In a January 2005 speech, Harvard President Lawrence Summers provoked the proverbial firestorm by suggesting that women lacked the ‘intrinsic aptitude’ of women for math, science and engineering (story in the Boston Globe on the incident). Summers was merely stating out loud what many people believe: that inherent differences between men and women cause significant inequalities in aptitude for math (and presumably also for art history, Coptic studies, or cultural anthropology, but they usually get a lot less attention…).

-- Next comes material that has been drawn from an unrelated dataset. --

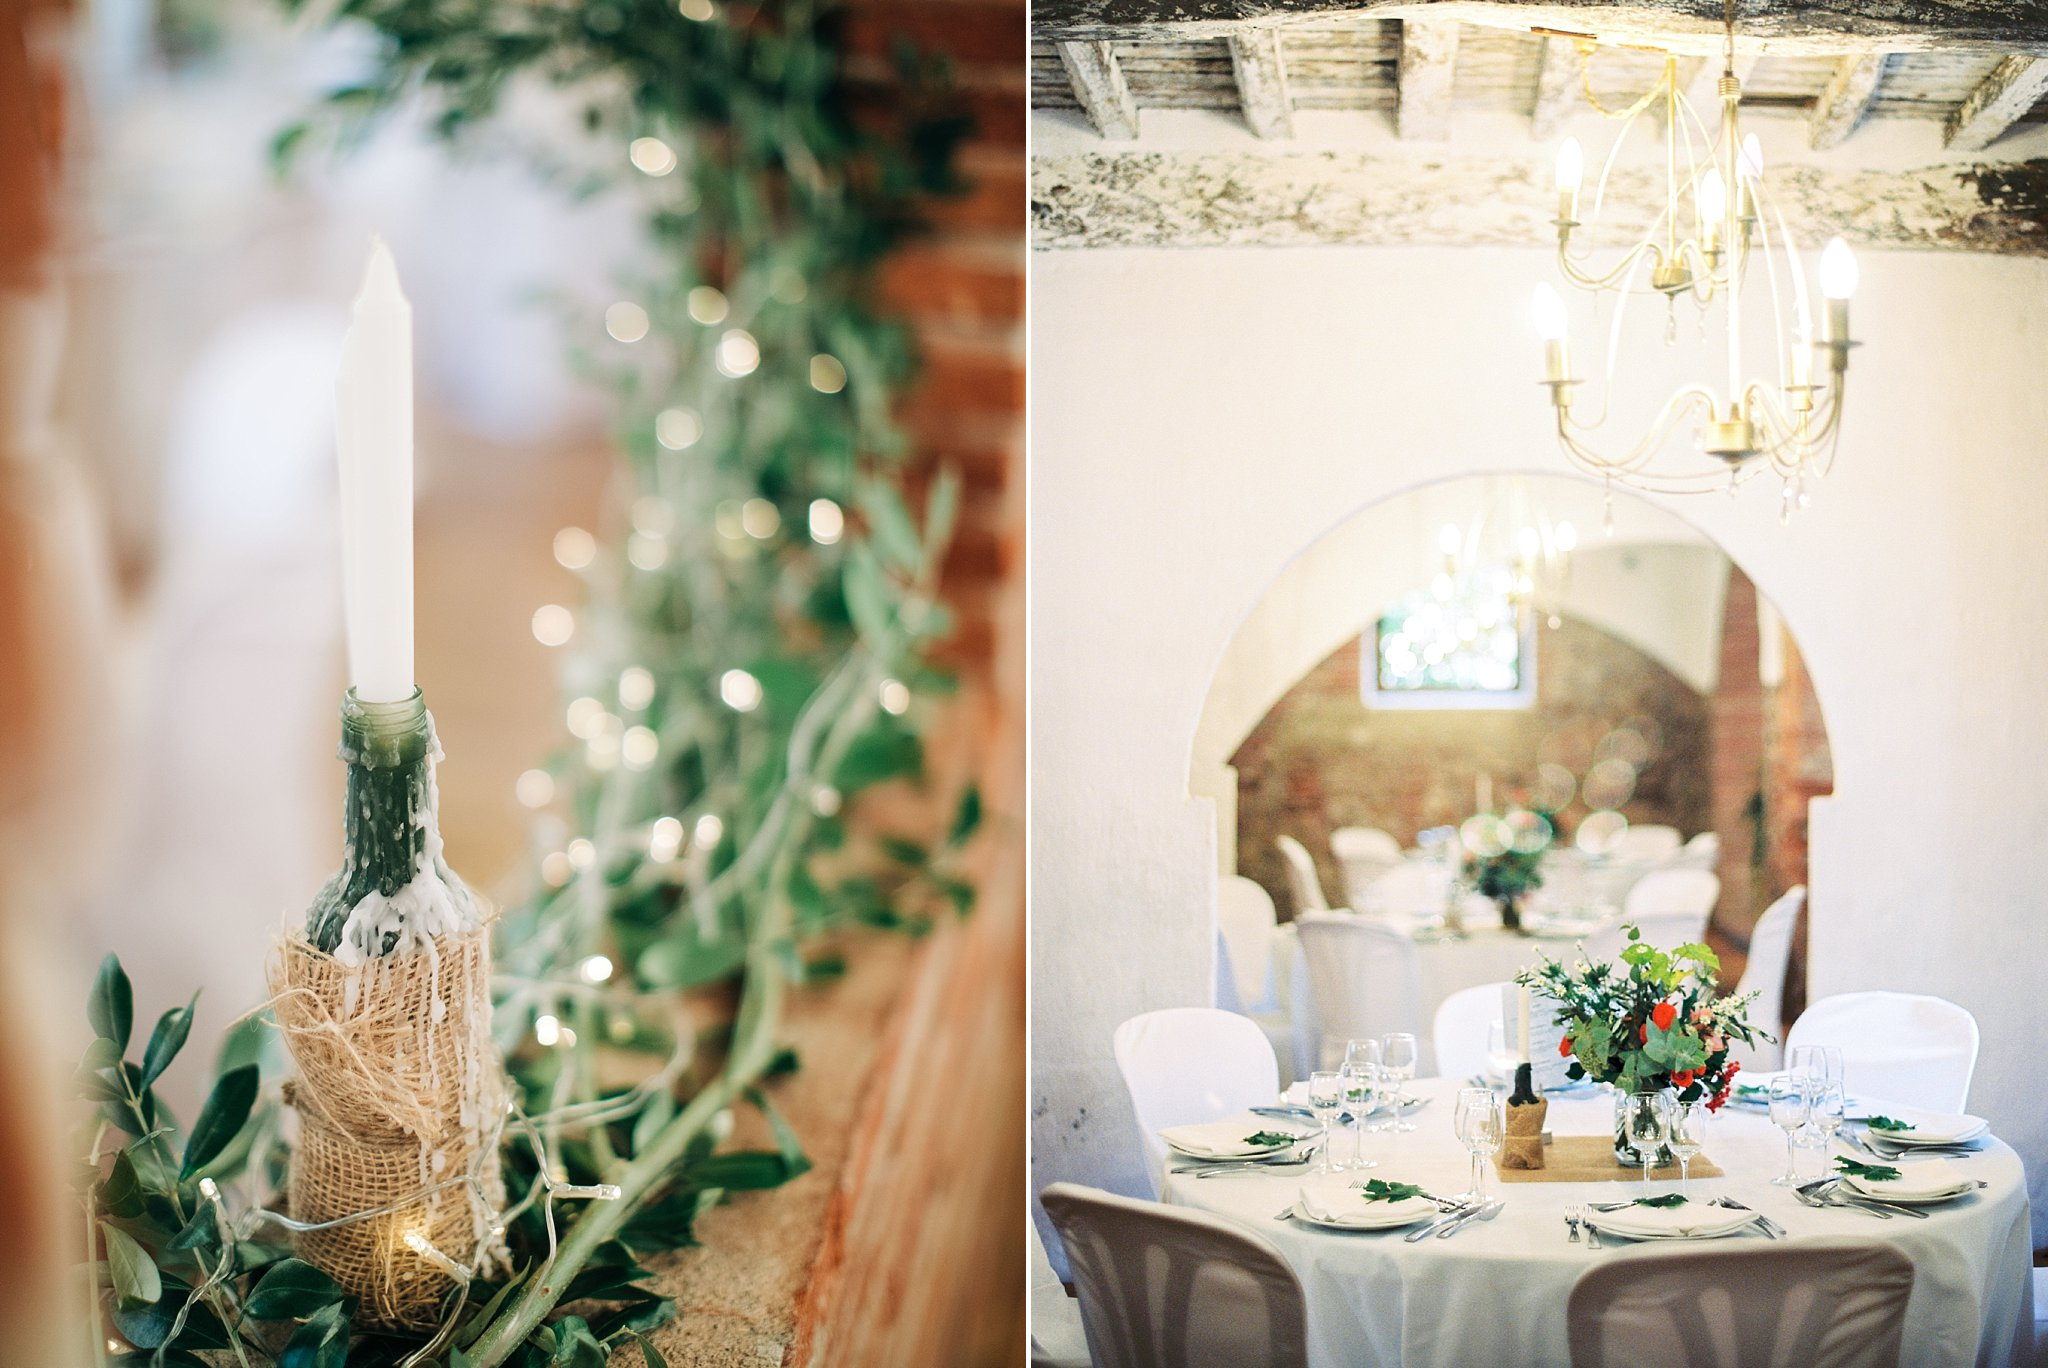 Wedding Photographer Perpignan - Château Las Collas Wedding - Hugo Hennequin058.jpg

A recent report in Science by Janet S. Hyde and colleagues, ‘Gender Similarities Characterize Math Performance,’ used a mass of standardized testing data generated under the No Child Left Behind program to compare male and female performance and found that the scores were more similar than different. The gap in average performance on math tests has shrunk significantly since the 1970s, disappearing in most states and grades for which the research team could get good data. According to Marcia C. Linn of the University of California, Berkeley, one of the co-authors of the study: ‘Now that enrollment in advanced math courses is equalized, we don’t see gender differences in test performance. But people are surprised by these findings, which suggests to me that the stereotypes are still there.’

From the way that this report has been discussed, it seems clear that the data has not settled this question in many people’s minds. Tamar Lewin of The New York Time covered the story in (‘Math Scores Show No Gap for Girls, Study Finds‘) provoking comments on a wide range of websites, including some who insisted that the team led by Hyde missed entirely the point being made by Summers or that Lewin had misread the study (some accusing her of feminist bias). In contrast, Keith J. Winstein of The Wall Street Journal focused not on the average scores, but on the results at the top end of the bell curve, writing, Boys’ Math Scores Hit Highs and Lows, which highlights the discussion of variance in boys’ scores.

Although I briefly want to go over the study and the way its being interpreted, I’m more interested in the shift in test scores over time because I think that the movements in these numbers, including gaps that disappear over time (or don’t), point to a basic problem in the tests themselves. Well, not a problem in the tests—they’re very sophisticated instruments for assessing certain kinds of performance on selected tasks—but rather with the common assumption about what these tests actually reveal and the nature of ‘math ability.’ For me, this larger point is more important for neuroanthropology because it applies to far more than just the ‘math gap.’